Development and multicenter validation of machine learning models for 28-day mortality in critically ill patients with acute exacerbation of chronic obstructive pulmonary disease
摘要
Acute exacerbation of chronic obstructive pulmonary disease (AECOPD) is a common critical illness in the intensive care unit (ICU) and is associated with poor outcomes. Marked clinical heterogeneity limits the ability of conventional scoring systems to achieve accurate early mortality risk stratification. This study aimed to develop and validate machine learning (ML) models for early prediction of 28-day mortality in critically ill patients with AECOPD.
MethodsIn this multicentre retrospective study, ML models were developed using the Medical Information Mart for Intensive Care IV database and externally validated in the eICU Collaborative Research Database.
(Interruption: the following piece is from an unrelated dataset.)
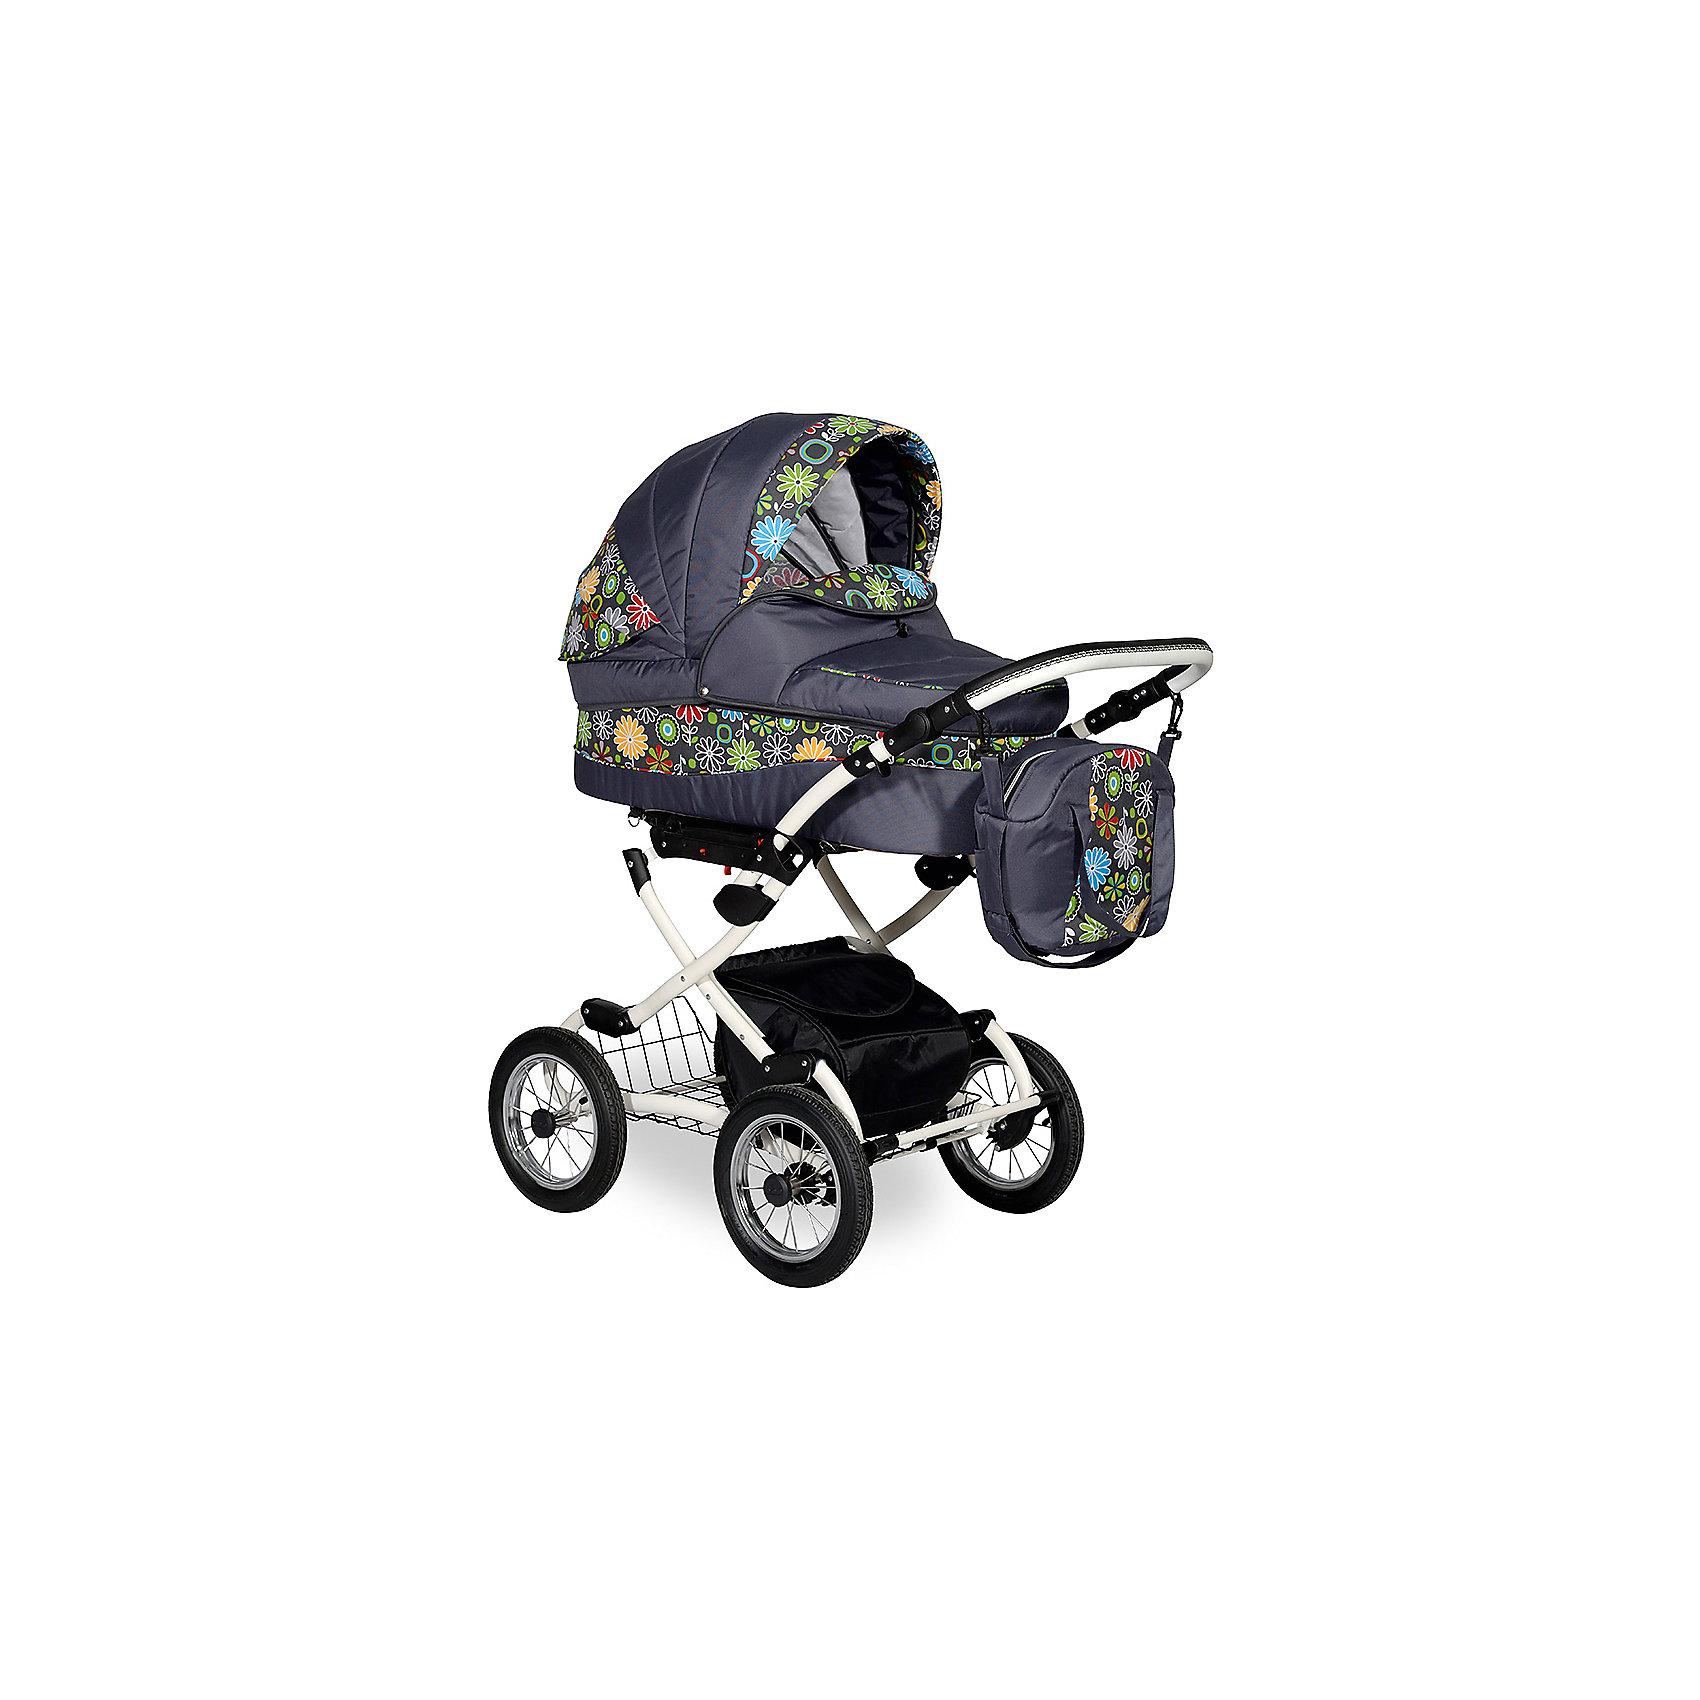 Коляска 2 в 1 Blues PC Indigo, серыйКоляска 2 в 1 Blues PC Indigo, серый – относится к категории современной классики. Данная модель предназначена для детей с самого рождения и до трех лет. Классические детали и современные качественные и безопасные материалы отличают эту коляску среди аналогичных моделей. Помповые колеса обеспечивают плавное движение коляски даже по самым неровным дорогам и тротуарам.<br>Люлька в коляске 2 в 1 Индиго Блюс оснащена регулируемым подголовником, имеется 2 капюшона, один из которых съемный, второй легкий, хорошо пропускает воздух, но при этом защищает от насекомых. Прогулочный вариант этой коляски обеспечен ремнями безопасности, подъемной металлической подножкой и съемным поручнем, обтянутым тканевым материалом.<br>Коляска 2 в 1 Blues PC Indigo, серый – это высокое качество по доступной цене.<br><br>Дополнительная информация:<br><br>- Механизм складывания: книжка<br>- Цвет: зеленый/серый<br>- Сезон: зима-лето<br>- Комплектация: сумка для мамы, матрасик в люльку, накидка на ножки<br>- Ширина шасси: 58 см<br>- Диаметр колес: 30,5 см<br>- Ручка: 4 положения<br>- Размер люльки (ДxШ): 80х35<br>- Размер (ДxВхШ): 93х53х60 см<br>- Материал: ткань, устойчивая к низким температурам и воздействия яркого солнечного цвета. Обладает водоотталкивающими свойствами.<br>- Вес 21,0 кг<br><br>Подробнее:<br><br>- Для детей в возрасте: от 0 месяцев до 3 лет<br><br>Страна производитель: Польша<br><br>Коляску 2 в 1 Blues PC Indigo, серый можно купить в нашем интернет-магазине.<br><br>Ширина мм: 930<br>Глубина мм: 600<br>Высота мм: 530<br>Вес г: 21000<br>Возраст от месяцев: 0<br>Возраст до месяцев: 36<br>Пол: Унисекс<br>Возраст: Детский<br>SKU: 4855050

Adult patients with AECOPD undergoing first ICU admission were included, and routinely available clinical variables within the first 24 h after ICU admission were extracted. Least absolute shrinkage and selection operator regression was used for feature selection, and nine ML models were developed. Model performance was assessed in terms of discrimination, precision–recall performance, calibration, and clinical utility, and compared with conventional clinical scores. Class weighting was used in the primary analysis, while SMOTE and additional sensitivity analyses were performed to assess robustness.
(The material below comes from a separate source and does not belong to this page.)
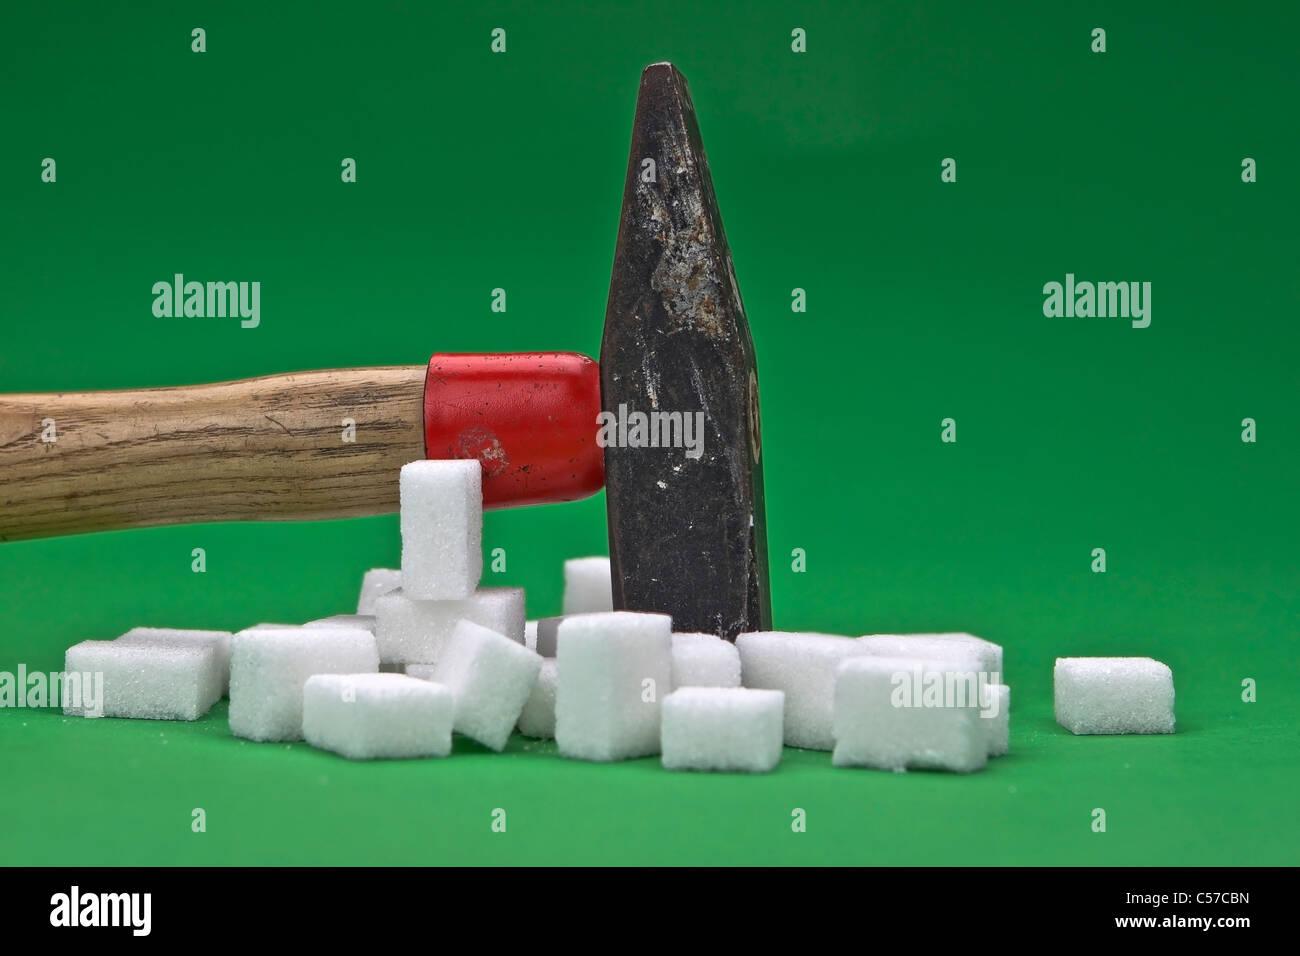 Un martello che è inquietante cubetti di zucchero per una più sana nutrizione in futuro Immagini Stock

ResultsA total of 715 patients were included, of whom 84 (11.7%) died within 28 days. LASSO selected 15 predictive variables. In the internal test set, support vector machine achieved the highest AUC of 0.722. In the external validation cohort, LightGBM achieved the highest AUC of 0.764 and F1 score, GBM showed the highest sensitivity, XGBoost achieved the highest negative predictive value and balanced accuracy, and random forest achieved the highest PR-AUC. Calibration performance varied across models and datasets. Compared with conventional clinical scores, several ML models showed more favourable numerical performance, although no single model consistently outperformed the others across all evaluation dimensions. Sensitivity analyses suggested that the main conclusions were broadly robust.
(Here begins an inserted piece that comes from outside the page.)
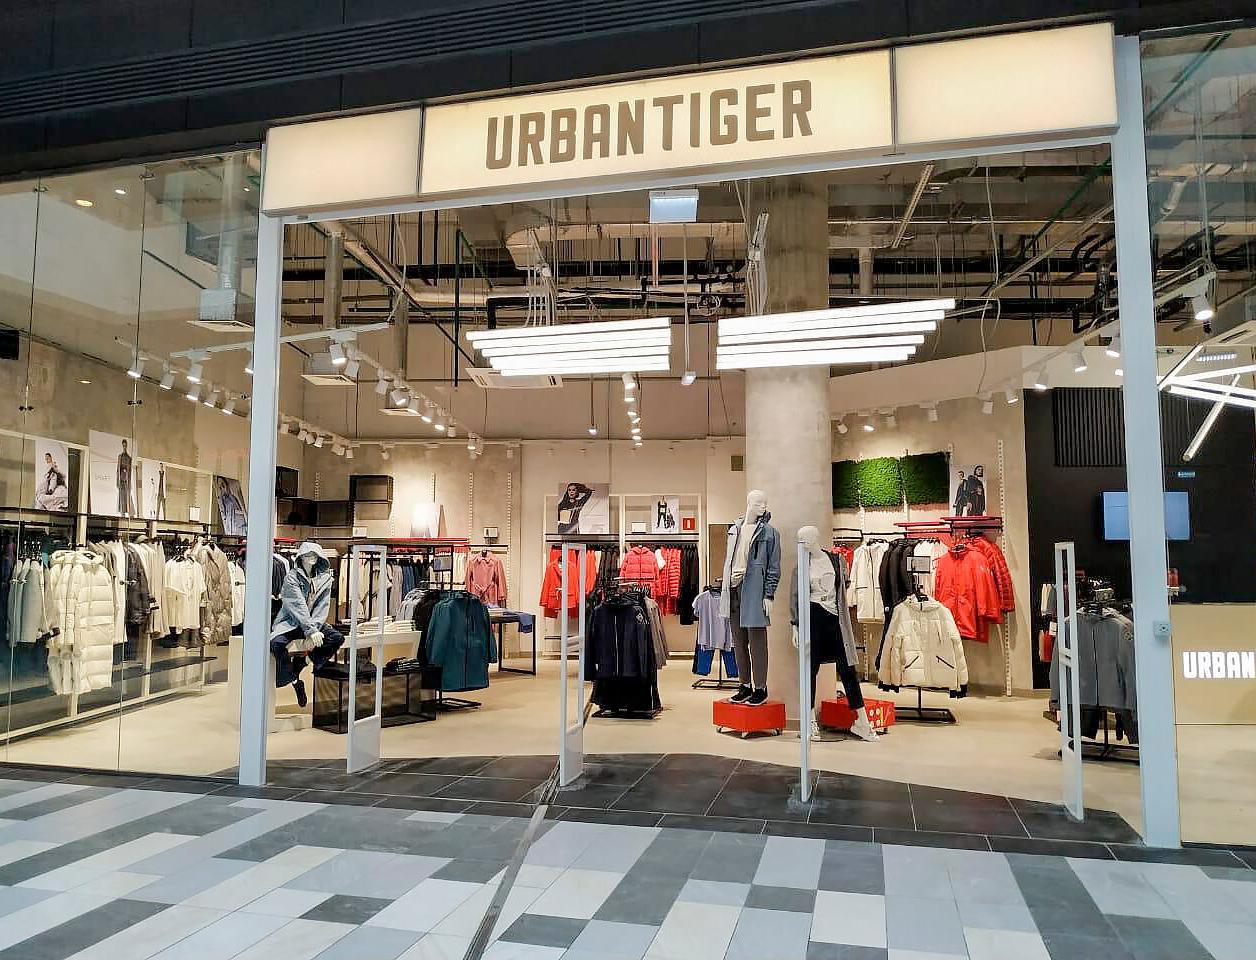 Российский бренд представил коллекцию одежды из переработанных текстильных отходов

ConclusionsML models based on routinely available ICU data showed exploratory potential for 28-day mortality risk stratification in critically ill patients with AECOPD. Given the limited number of death events, class imbalance, and risk of overfitting, these findings should be interpreted cautiously. The models are not ready for clinical implementation and require further prospective validation, local recalibration, and evaluation within real-world clinical workflows.